Find the API in Blb/chanBlb.h.
A couple of transport side implementations are provided (file descriptor based interfaces):
-
chanBlbTrnFd
- File descriptor for non-stream interfaces (e.g. pipe, UDP socket), use close() on inClose() and outClose() and no finClose().
-
chanBlbTrnFdStream
- File descriptor for stream interfaces (e.g. TCP socket), use shutdown() on inClose() and outClose() and close() on finClose().

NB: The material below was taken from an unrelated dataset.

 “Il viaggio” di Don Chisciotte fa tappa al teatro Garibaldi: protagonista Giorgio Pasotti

Several Channel side, "framing", implementations are provided (useful with streaming protocols):
-
chanBlbChnFcgi
- Read and write framed using FastCGI.
-
chanBlbChnNetstring
- Read and write framed using Netstring.
-
chanBlbChnNetconf10
- Read and write framed using NETCONF 1.0. (This flawed, XML specific, framer is only useful for NETCONF before a transition to NETCONF 1.1.)
-
chanBlbChnNetconf11
- Read and write framed using NETCONF 1.1.
-
chanBlbChnHttp1
- Read framed using HTTP/1.x on headers Transfer-Encoding (chunked) and Content-Length.
Blob flow (repeats):
- Header Blob
- If "Transfer-Encoding" header with value "chunked":
- Non-zero chunk Blob (repeats)
- Zero chunk Blob (includes trailer)
- Else if "Content-Length" header:
- Non-zero content Blob
- Write is not framed.
- Read framed using HTTP/1.x on headers Transfer-Encoding (chunked) and Content-Length.
Blob flow (repeats):
- sockproxy
- Modeled on tcpproxy.c from libtask. Connects two chanBlbs back-to-back, with Channels reversed.
- Sockproxy needs numeric values for socket type (-T, -t) and family type (-F, -f).

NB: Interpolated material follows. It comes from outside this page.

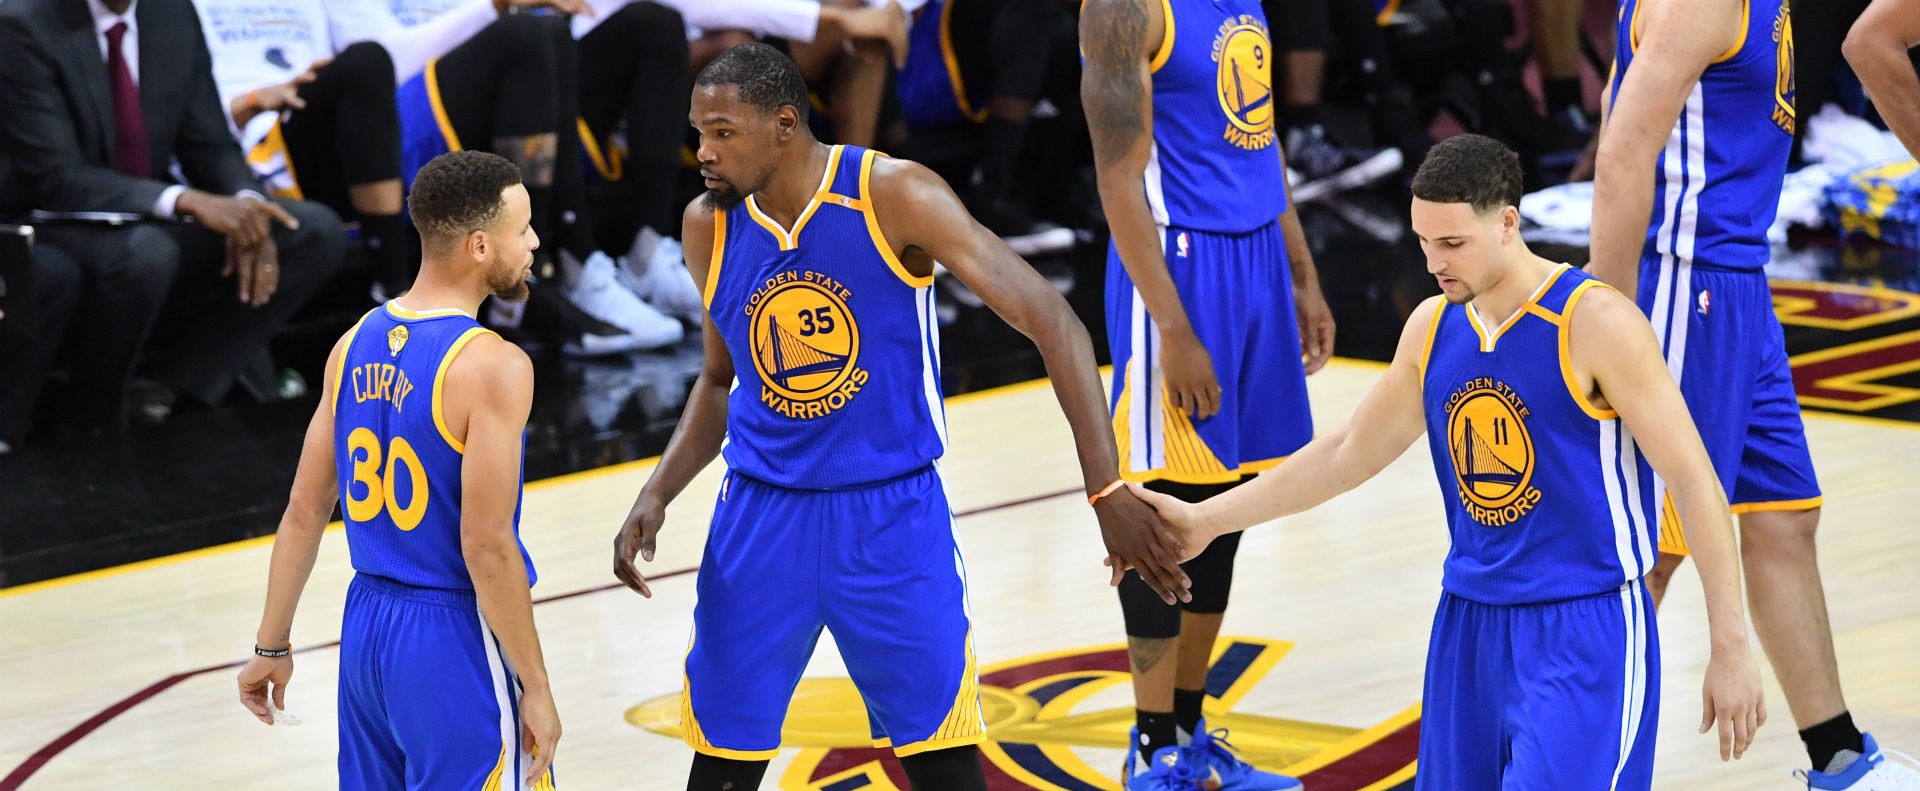 Les Warriors osnt invaincus cette saison quand le trio Curry-Thompson-Durant marque plus de 90 points en combiné

- The options protocol type (-P, -p), service type (-S, -s) and host name (-H, -h) can be symbolic (see getaddrinfo).
- Upper case options are for the "server" side, lower case options are for the "client" side.
- For most BSD compatible socket libraries, SOCK_STREAM is 1 and AF_INET is 2.

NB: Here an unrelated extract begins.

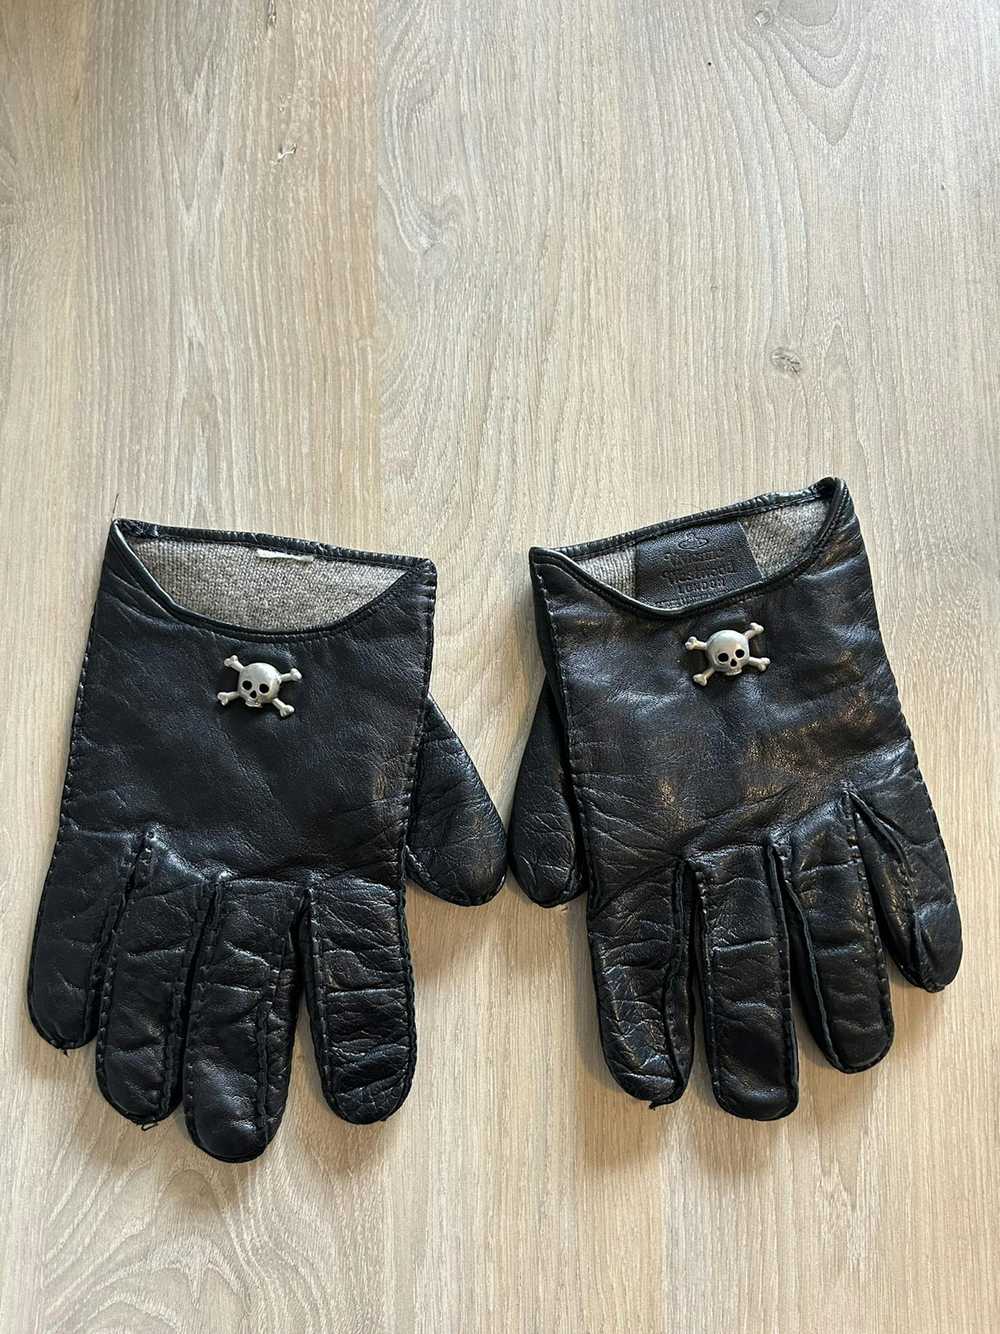 Vivienne Westwood Leather Skull Gloves - image 1

- For example, to listen (because of the server SOCK_STREAM socket type) for connections on any IPv4 stream socket on service 2222 and connect them to any IPv4 stream socket on service ssh at host localhost (letting the system choose the protocol):
- ./sockproxy -T 1 -F 2 -S 2222 -t 1 -f 2 -h localhost -s ssh &
- ssh -p 2222 user@localhost
- pipeproxy
- Copy stdin to stdout through chanBlb pipe file descriptors preserving read boundaries using a FIFO Store and Netstring framing.
- chanStrBlbSQL
- Demonstrate a SQLite based Channel Blob FIFO Store.
- chanBlbTrnKcp
- Demonstrate a KCP UDP transport integration.
- squint
- Implementation of M. Douglas McIlroy's "Squinting at Power Series".
- floydWarshall
- Use a Channel coordinating dynamic thread pool to parallelize the Floyd-Warshall all shortest paths algorithm using blocking techniques extended to optionally save all equal next hops.
Use "make" or review the file "Makefile" to build.